Open-domain question answering relies on efficient passage retrieval to select candidate contexts, where traditional sparse vector space models, such as TF-IDF or BM25, are the de facto method. In this work, we show that retrieval can be practically implemented using dense representations alone, where embeddings are learned from a small number of questions and passages by a simple dual-encoder framework. When evaluated on a wide range of open-domain QA datasets, our dense retriever outperforms a strong Lucene-BM25 system largely by 9%-19% absolute in terms of top-20 passage retrieval accuracy, and helps our end-to-end QA system establish new state-of-the-art on multiple open-domain QA benchmarks. https://arxiv.org/abs/2004.04906 (DeepL) Open domain question answering relies on efficient sentence retrieval to select candidate contexts, and traditional sparse vector space models such as TF-IDF and BM25 are the de facto methods.
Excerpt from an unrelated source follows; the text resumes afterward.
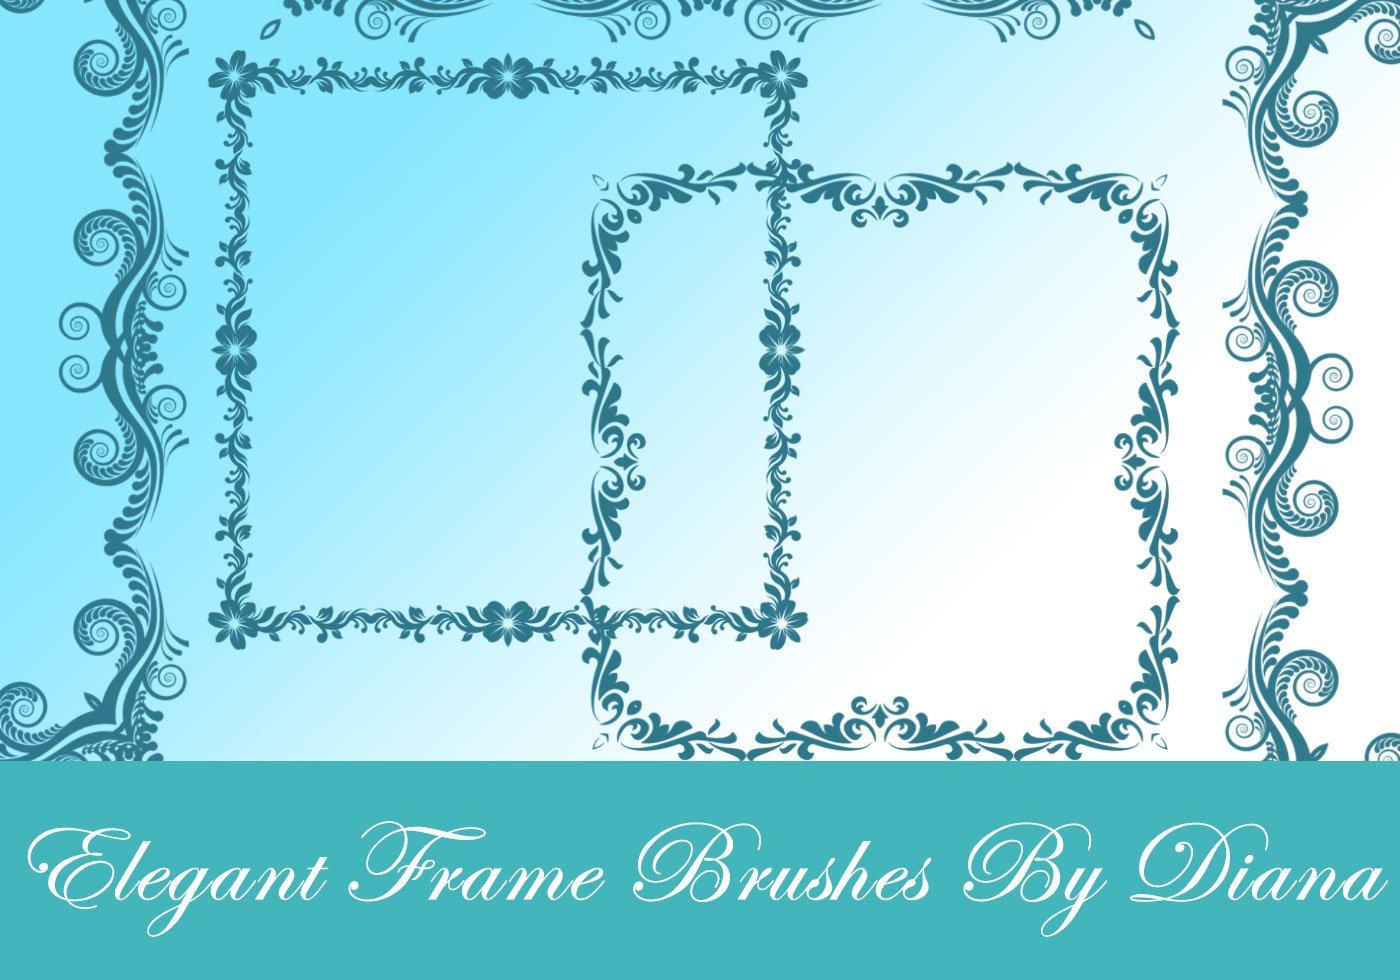 Elegante dekorative Rahmen - Kostenlose Photoshop-Pinsel bei Brusheezy!

In this study, we show that learning embeddings from a small number of questions and sentences via a simple dual-encoder framework allows practical implementation of retrieval using only dense representations. When evaluated on a wide range of open-domain QA datasets, our dense search significantly outperforms the powerful Lucene-BM25 system in terms of retrieval accuracy for the top 20 passages by 9%-19% absolute, indicating that our end-to-end QA system can be used in multiple open-domain QA benchmarks to help establish a new state-of-the-art.
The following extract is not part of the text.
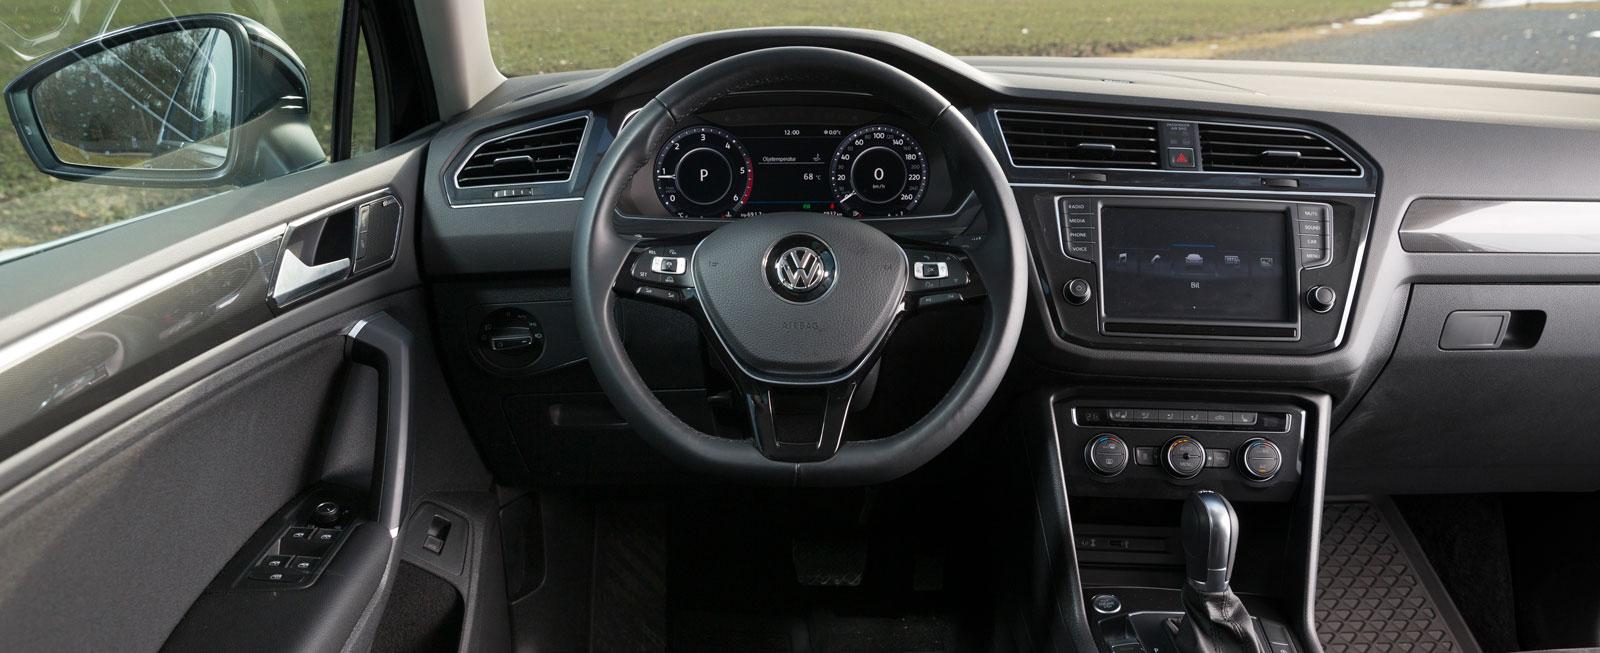 """I grunden samma reglageplaceringar som i Skoda, men körställningen är en smula annorlunda och lite """"busslik"""" i VW. Bra knappfunktioner i ratten."""

DPR Dense Passage Retrieval Dense Passage Retriever

Validation of DPR in Open Domain QA PDF [AI Shift Advent Calendar 2022 Presentation at the 13th Symposium on Interactive Systems | AI Shift Inc.

Two-Tower model https://www.youtube.com/watch?v=3giqIW2pIW4 [Report The recommendation model behind Google’s Two- Tower” and Vector Neighborhood Search TechnologyGoogleCloudDay | DevelopersIO]


This page is auto-translated from [/nishio/Dense Passage Retrieval for Open-Domain Question Answering](https://scrapbox.io/nishio/Dense Passage Retrieval for Open-Domain Question Answering) using DeepL. If you looks something interesting but the auto-translated English is not good enough to understand it, feel free to let me know at @nishio_en. I’m very happy to spread my thought to non-Japanese readers.